В Базеле… Был вечер. Я сидел на бревнах, у самой воды; напротив меня, на другом берегу, над скоплением остроконечных крыш и готических домишек, прилепившихся к набережной, высился базельский собор, — и все было прикрыто пеленою листвы… Это тоже было очень красиво, а особенно Рейн, который струился у моих ног и плескал волной в темноте».

Неутоляемое стремление вобрать в себя жизнь во всей ее полноте составляло постоянную основу тютчевского характера; уже на пороге старости он писал дочери Дарье, в то время двадцатипятилетней: «Вбирай же в себя полнее жизнь, тебя окружающую, впитывай ее в себя как можно больше…»

Тютчев жадно вглядывался, конечно же, не только в ландшафты Европы. Его мюнхенский сослуживец и на какое-то время — в тридцатых годах — ближайший друг, князь Иван Гагарин писал о нем:

«Богатство, почести и самая слава имели мало привлекательности для него. Самым большим, самым глубоким наслаждением для него было присутствовать на зрелище, которое развертывается в мире, с неослабевающим любопытством следить за всеми его изменениями… В людях его привлекал тоже спектакль, который представляли собой души…»

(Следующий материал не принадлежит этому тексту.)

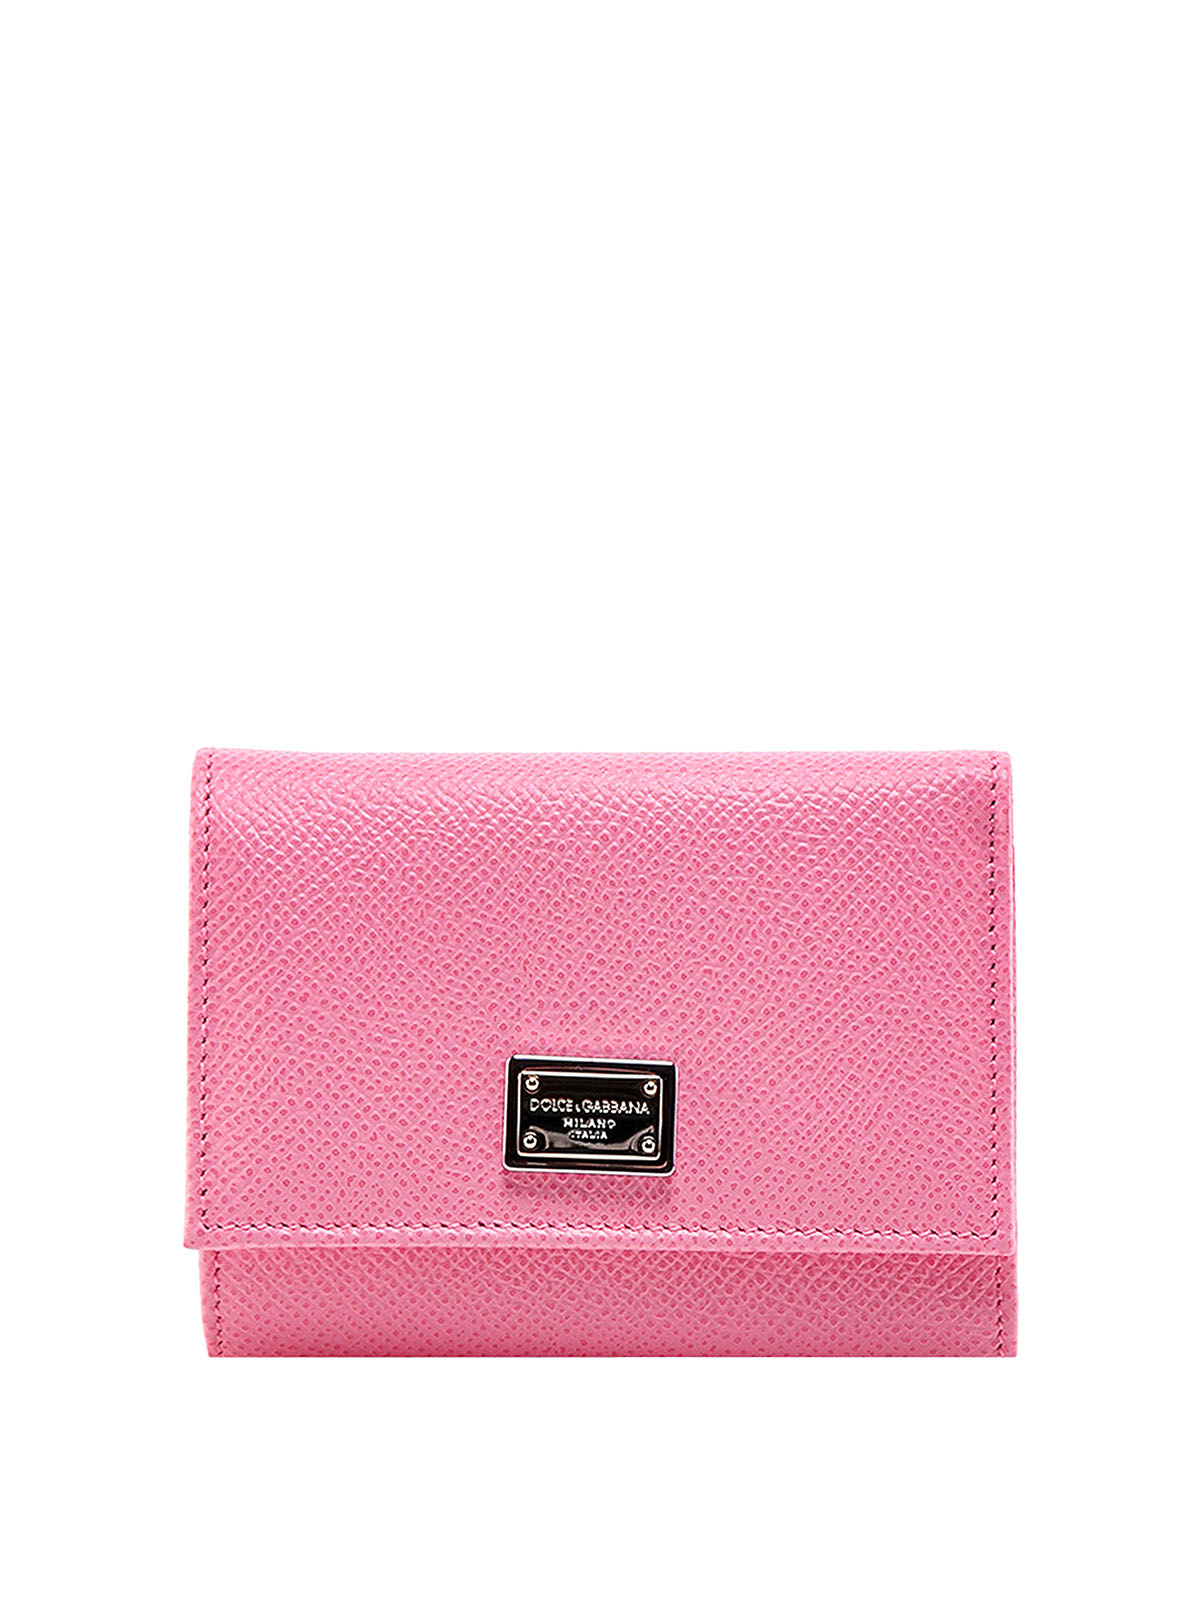 Dolce & Gabbana Leather Wallet With Iconic Logo Detail In Rosado

Множество фактов доказывает, что Гагарин, писавший эти строки через много лет после того, как пути его и Тютчева бесповоротно разошлись, исказил душевный облик поэта, изобразив его чуть ли не холодным соглядатаем. Хорошо известно, что те или иные — в том числе, казалось бы, совсем далекие от личных интересов Тютчева — события заставляли его подчас мучительно страдать. Но Гагарин, без сомнения, прав, утверждая, что Тютчев беспрерывно и жадно вбирал в себя все зрелище европейской жизни, знание о которой он черпал и из непосредственных впечатлений, и из рассказов и споров собеседников, и из газет и книг. Конечно, всякий человек так или иначе интересуется зрелищем жизни; но из воспоминаний Гагарина ясно, что у Тютчева этот интерес был всепоглощающей и постоянной страстью, и об этом нам еще не раз придется говорить. Поэтому уже через несколько лет пребывания в Европе Тютчев знал ее так, как если бы прожил здесь долгую жизнь.

Но дело, конечно, не только в знании. Поистине стремительно обрел Тютчев духовную и творческую зрелость. Это с совершенной ясностью можно увидеть, изучая в хронологическом порядке его стихотворения; еще в 1823 году они, по существу, чисто юношеские: в 1825-м — обретают черты самобытности, а к 1829-му предстают как зрелые создания великого поэта (ср. такие опубликованные в 1829–1830 годах стихи, как «Видение», «Бессонница», «Как океан объемлет шар земной…», «Цицерон», «Последний катаклизм» и др.).

К этому времени Тютчев достиг зрелости не только как поэт; Карл Пфеффель, узнавший его в 1830 году, вспоминал: «За исключением Шеллинга и старого графа де-Монжела (один из наиболее выдающихся политических деятелей того времени, в течение многих лет — премьер-министр Баварии. — В. К.), он не находил равных себе собеседников, хотя едва вышел из юношеского возраста».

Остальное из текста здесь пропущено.